So let’s run the shell script and create one of the external tables, passing in the Oracle database password for the “bi_airlines” user when prompted:
[oracle@bigdatalite osch]$ sh genloc_origin_hive.sh Oracle SQL Connector for HDFS Release 2.3.0 - Production Copyright (c) 2011, 2013, Oracle and/or its affiliates. All rights reserved. [Enter Database Password:] 14/02/06 11:59:58 WARN conf.HiveConf: DEPRECATED: Configuration property hive.metastore.local no longer has any effect. Make sure to provide a valid value for hive.metastore.uris if you are connecting to a remote metastore. 14/02/06 11:59:58 INFO hive.metastore: Trying to connect to metastore with URI thrift://bigdatalite.localdomain:9083 14/02/06 11:59:58 INFO hive.metastore: Waiting 1 seconds before next connection attempt. 14/02/06 11:59:59 INFO hive.metastore: Connected to metastore. The create table command succeeded.
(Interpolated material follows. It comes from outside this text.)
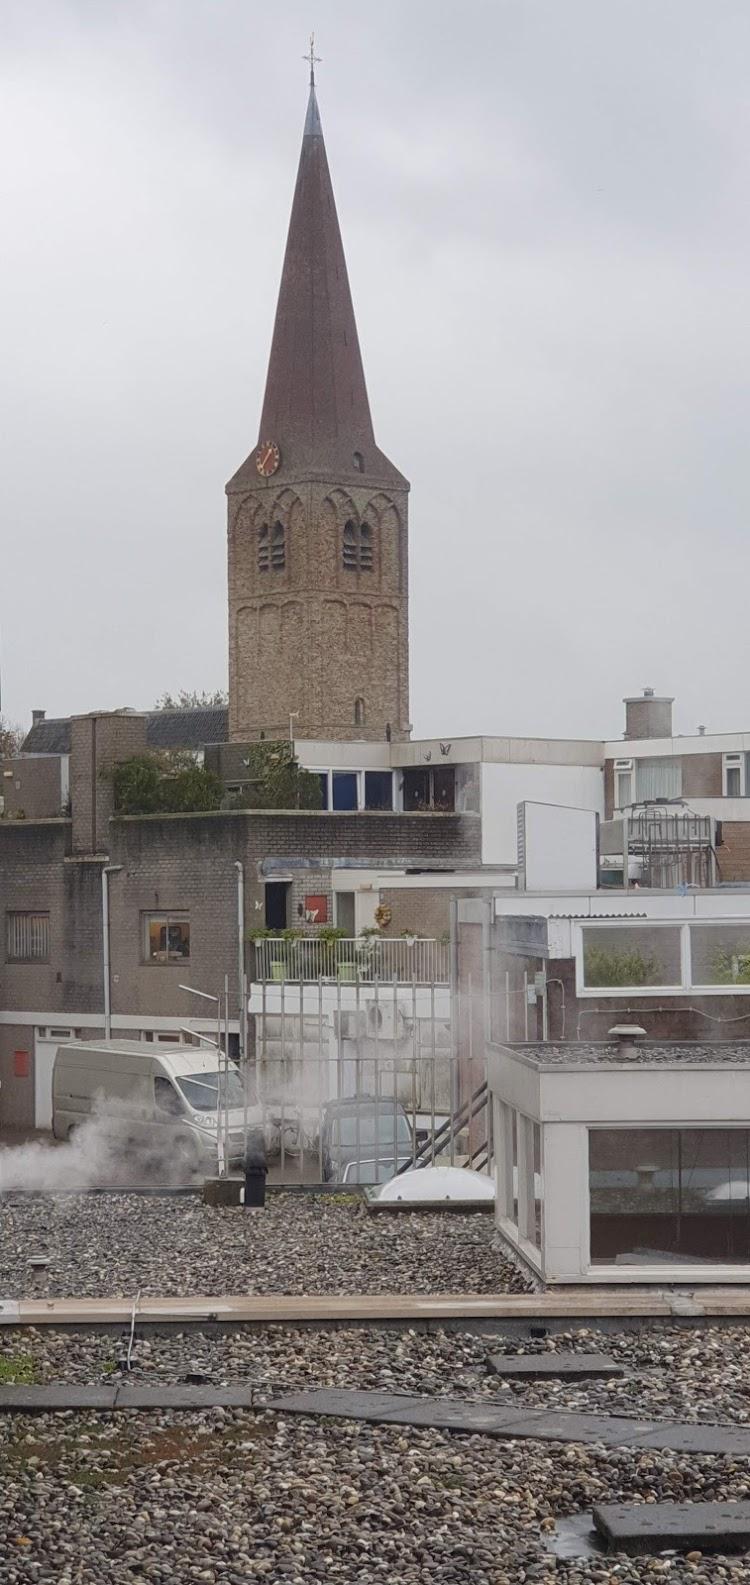 Blokker Heemskerk Heemskerk

CREATE TABLE "BI_AIRLINES"."ORIGIN_EXT_TAB_HIVE" ( "ORIGIN" VARCHAR2(4000), "ORIGIN_DEST" VARCHAR2(4000), "ORIGIN_CITY" VARCHAR2(4000), "ORIGIN_STATE" VARCHAR2(4000), "AIRPORT_ID" VARCHAR2(4000) ) ORGANIZATION EXTERNAL ( TYPE ORACLE_LOADER DEFAULT DIRECTORY "BI_AIRLINES_DIR" ACCESS PARAMETERS ( RECORDS DELIMITED BY 0X'0A' CHARACTERSET AL32UTF8 PREPROCESSOR "OSCH_BIN_PATH":'hdfs_stream' FIELDS TERMINATED BY 0X'7C' MISSING FIELD VALUES ARE NULL ( "ORIGIN" CHAR(4000) NULLIF "ORIGIN"=0X'5C4E', "ORIGIN_DEST" CHAR(4000) NULLIF "ORIGIN_DEST"=0X'5C4E', "ORIGIN_CITY" CHAR(4000) NULLIF "ORIGIN_CITY"=0X'5C4E', "ORIGIN_STATE" CHAR(4000) NULLIF "ORIGIN_STATE"=0X'5C4E', "AIRPORT_ID" CHAR(4000) NULLIF "AIRPORT_ID"=0X'5C4E' ) ) LOCATION ( 'osch-20140206120000-1947-1' ) ) PARALLEL REJECT LIMIT UNLIMITED; The following location files were created. osch-20140206120000-1947-1 contains 1 URI, 150606 bytes 150606 hdfs://bigdatalite.localdomain:8020/user/hive/warehouse/bi_airlines.db/origin/geog_origin.txt
Note the HDFS file reference at the end – this is the metadata created by the utility, which we’d need to update if more data files are added to the underlying Hive table.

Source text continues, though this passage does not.